Si les universités et les représentants du milieu de l'éducation ont refusé de réagir au projet de Charte des valeurs ou l'ont fait avec une extrême prudence, plus de 200 intellectuels - en majorité des professeurs d'université et de cégeps - y vont d'une fronde concertée contre son adoption.

«Cette réactivation programmée des passions tristes et mesquines n'est pas à la hauteur des valeurs largement partagées ici comme ailleurs», peut-on lire dans cette lettre intitulée «Nos valeurs excluent l'exclusion» et cosignée entre autres par Michel Seymour, professeur de philosophie à l'Université de Montréal et Daniel Weinstock, professeur de droit à l'Université McGill.

Très en verve, les signataires espèrent que la «voix de la méfiance qui formule cette Charte soit couverte par celle, plus tendre, avec laquelle Pauline Julien chantait jadis ce rêve de "chaleur", d'"amitié", de «pain à partager» avec «l'Arabe, le Noir, l'homme d'ailleurs, l'homme de partout».

La lettre est très dure envers le gouvernement Marois, «un gouvernement à la dérive» qui «n'a plus que la carte identitaire à jouer pour déjouer ses adversaires encore plus à droite et si possible diviser la gauche au nom de la laïcité".

Ce «fantasme d'une définition non conflictuelle de la collectivité québécoise» se transpose en une «banalisation de l'intolérance et de la stigmatisation fondée sur les stéréotypes». Cela ne fera que marginaliser davantage les communautés culturelles, selon les auteurs de la lettre, et particulièrement les femmes, déjà «plus souvent qu'autrement défavorisées par les rapports de pouvoir et de production dans lesquelles elles s'insèrent».

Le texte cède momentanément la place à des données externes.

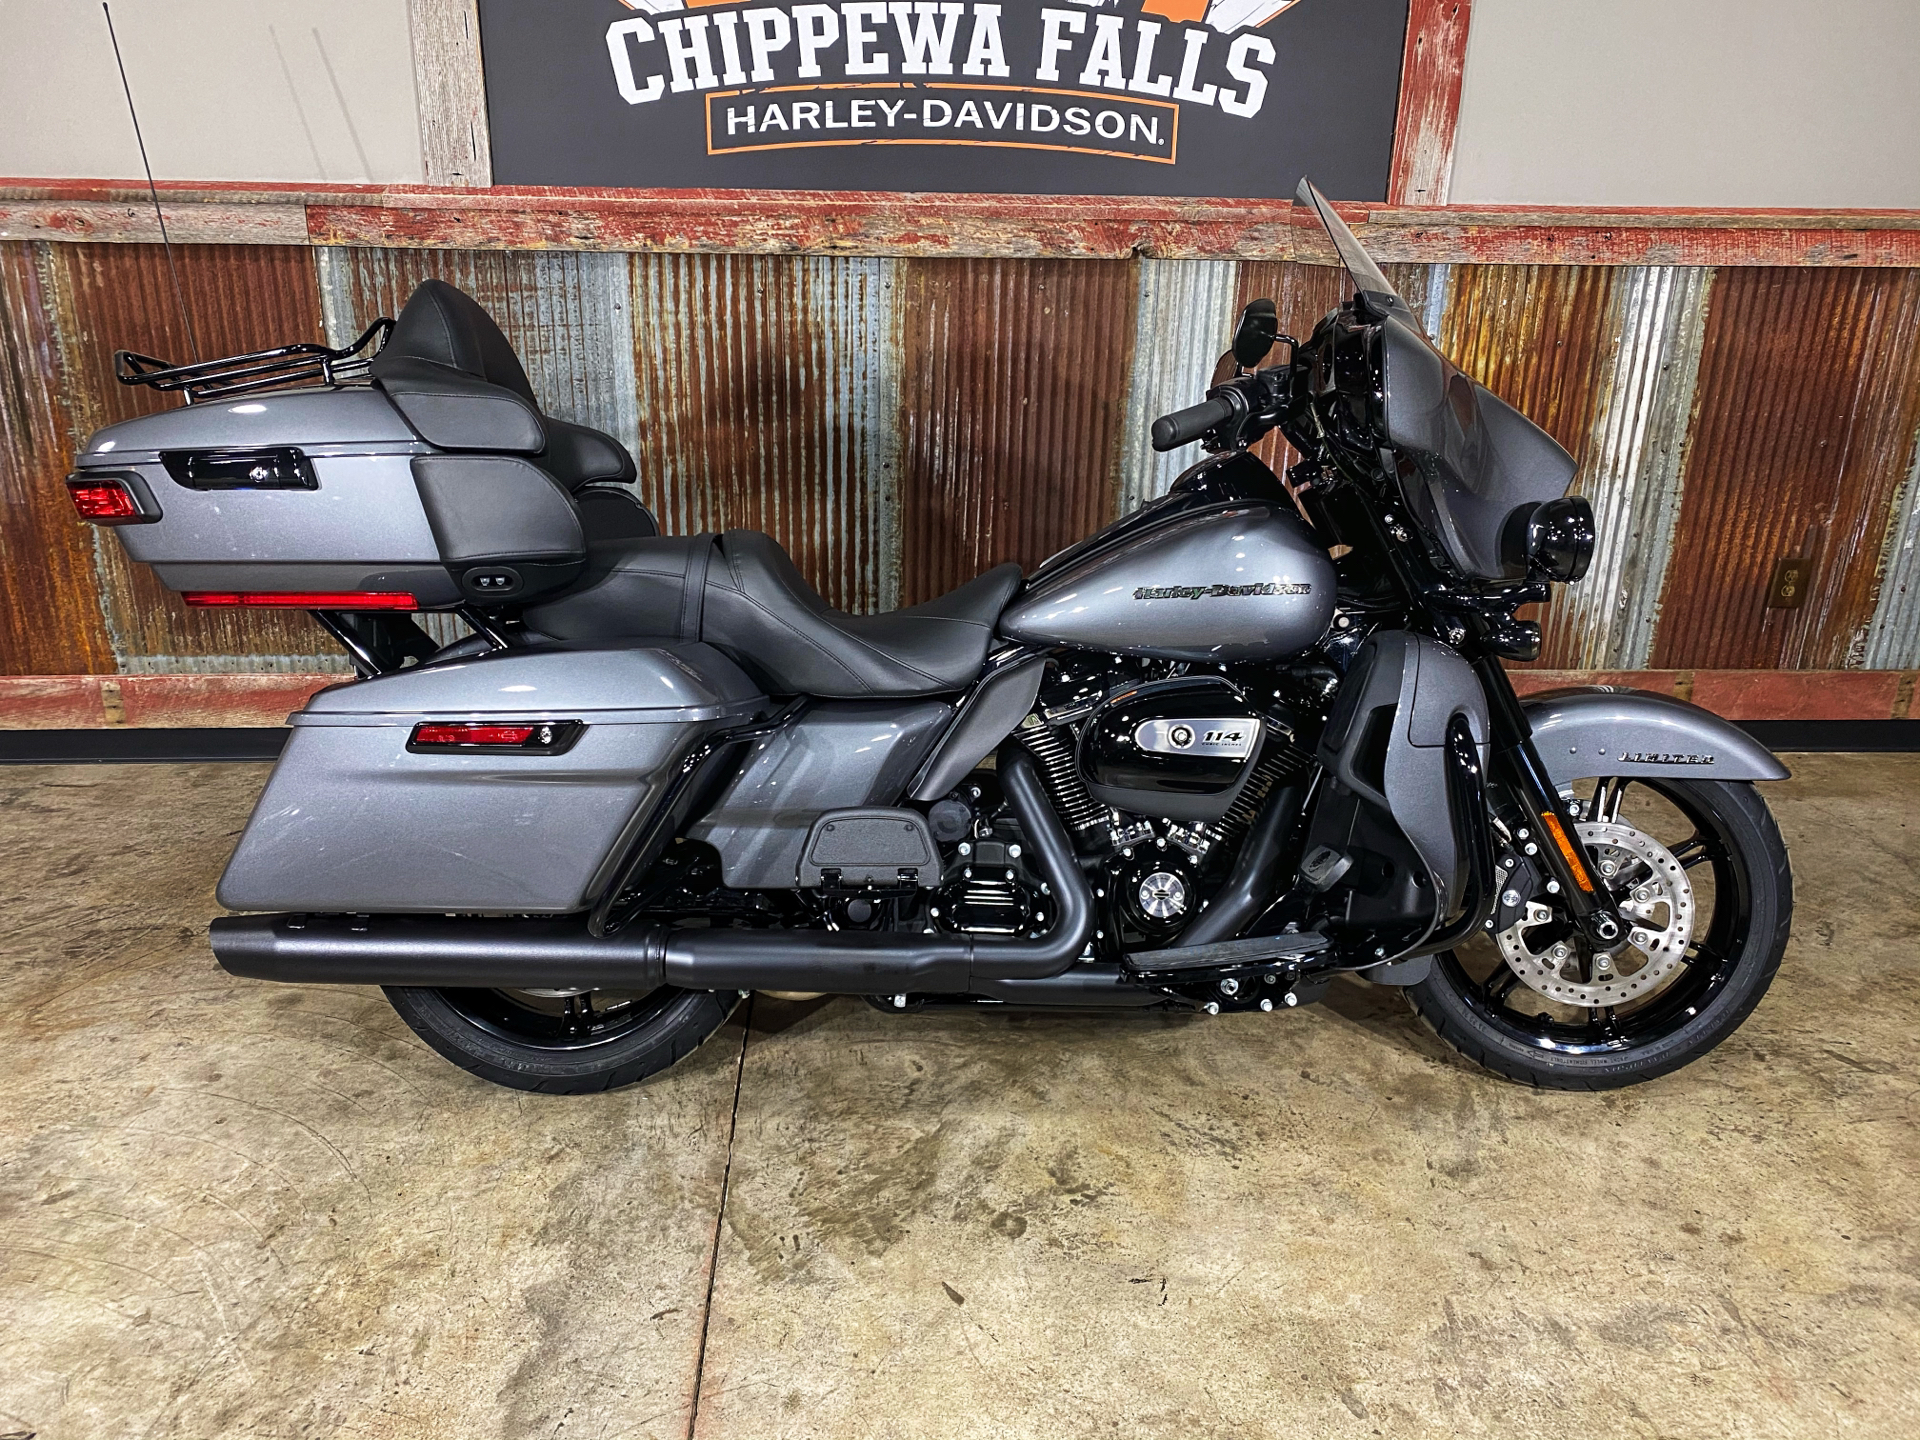 New 2021 Harley Davidson Ultra Limited Gauntlet Gray Metallic Black Pearl Option Motorcycles In Chippewa Falls Wi Fl615004

S'il a signé cette lettre, Daniel Weinstock dit que c'est parce que sa conscience professionnelle l'interpelle et qu'il doit utiliser toutes les tribunes possibles pour dénoncer cette Charte.

«Il n'y a actuellement aucun péril en la demeure qui légitime la limitation de droits individuels en une Charte à géométrie variable qui engendre toutes sortes d'inégalités et d'exceptions.»